その時は無人駅となって、がらんどうになった広い駅舎にテントを張って泊まったのである。
だから、テントの中で自炊したりするという、以降の山での幕営スタイルの礎となったような気がする。
その時撮ったのがコレ
でも、今回の『思い出』の内容はコレではない。 どちらかというと、今回の内容は『駅や鉄道』からかけ離れているのである。 正直いうと、駅ネタ探しの際にフと思いついた事を、ムリヤリ『路線の思い出』という記事にしただけなのである。
その「フと思いついた事」とは、「駅から徒歩で山の登山口に行ける駅」という話題である。
もちろん、史跡名勝めぐり系の街の練り歩きや日帰りハイキングの玄関口としての駅は『却下』である。 まぁ、これは『却下』しないと、近鉄などの大手私鉄が開催する『週末ハイキング』企画で、参加者を集合させる駅全てが対象になってしまうからである。 そこで今回のネタとして取り上げる条件としては、全国的に名を馳せた山である事としようか。
それで調べると、山の登山口に徒歩で行ける駅は「ほとんどない」事が判ったのである。
駅の名所案内に「○○山登山口」と記載された駅でも登山口まで数キロ離れていて、実際は駅からバスに乗り継ぐなどしなければ登山口には辿り着けないのである。

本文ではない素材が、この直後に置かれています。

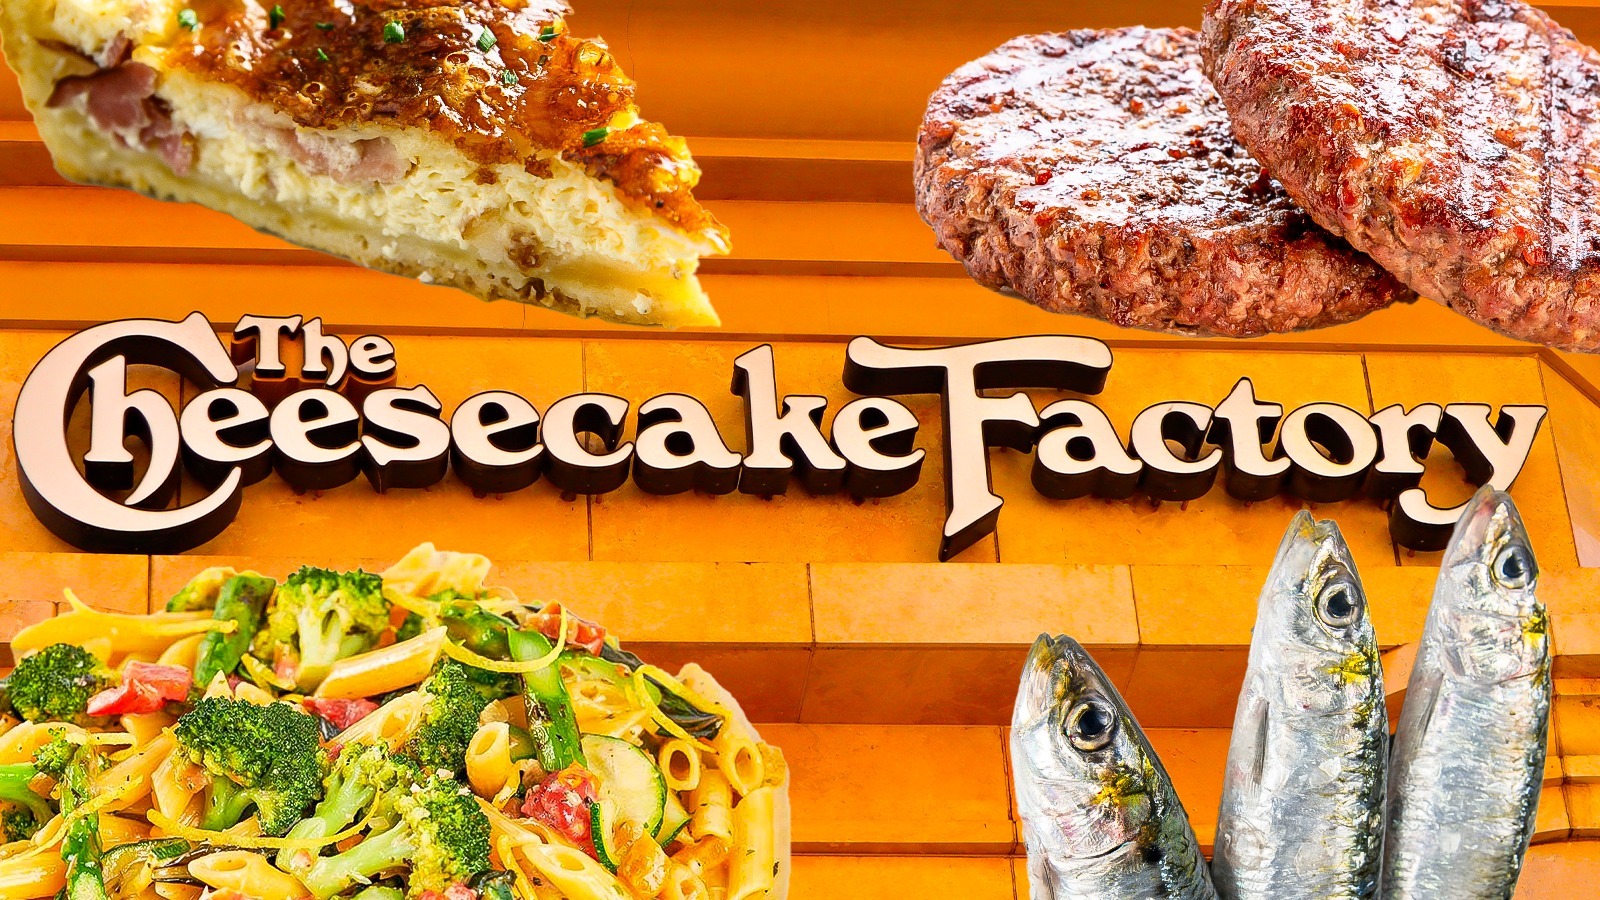 Cheesecake Factory $50 Gift Card US

・・で、調べた結果、『本当の山の登山口』へ徒歩で行ける駅とは、必然的に今(一部の『駅降り鉄』の内だけで)話題となっている『秘境駅』となるのである。 その一例を挙げると、北海道はナシというか北海道は広大過ぎて、鉄道で山岳域はリカバーできないのである。
日高・十勝幌尻岳登山口
現在この駐車場は’16年の
北海道豪雨災害による
沢の氾濫で流失して存在しない
:
北海道の山の登山口は林道の終点にあり
人里から20km以上離れた所がザラにある
要するに、車がないと到底無理な広大さなのである。 でも、記憶を手繰ると根室本線の山部駅が、芦別岳の登山口の《太陽の里》まで約4kmと徒歩圏内だったな。
陸奥黒崎駅(現在は白神岳登山口に改称)より
徒歩圏内に登山口のある白神岳
東北では唯一、五能線の陸奥黒崎駅(2000年12月に白神岳登山口に駅名改称)が、駅から約1kmで白神岳の登山口がある『徒歩圏内』であった。
だが・・登山口の手前250mに
100台は駐車できる駐車場があり
五能線を使って白神岳登山を
する人は皆無に等しいだろう
他の全ての東北のヤマは、近くても駅から10km前後と徒歩では無理で、車かバス・タクシーでないと登山口に辿り着けない距離である。
在りし頃の田子倉駅
:
現在は入口が鉄の格子戸で塞がれている
越後や会越国境の山々では、’13年3月に廃止となった田子倉駅が浅草岳登山口までの距離が250mと、このネタではベストの数値を示していた駅だったのである。
田子倉から望む
秋の浅草岳と只見線列車
:
昨年足の捻挫で断念したこの山に
今年はリベンジ成功!
山頂に雪が被って半分雪山だったよ
ぢ・つ・わ・・、一昨日にこの浅草岳に田子倉駅跡から登ってたりして。
田子倉駅にはトイレはなかったが
登山口に建つ休憩舎にトイレがあった
:
現在は「宿泊不可」と掲示した
近代的な休憩舎に建て替えられている
また、同じ只見線の会津蒲生駅も、浅草岳の入叶津登山口から約7kmと歩けない距離ではなく、実際このタワケも浅草岳でのオチャメ山行からの下山の後に歩いていたりするのてある。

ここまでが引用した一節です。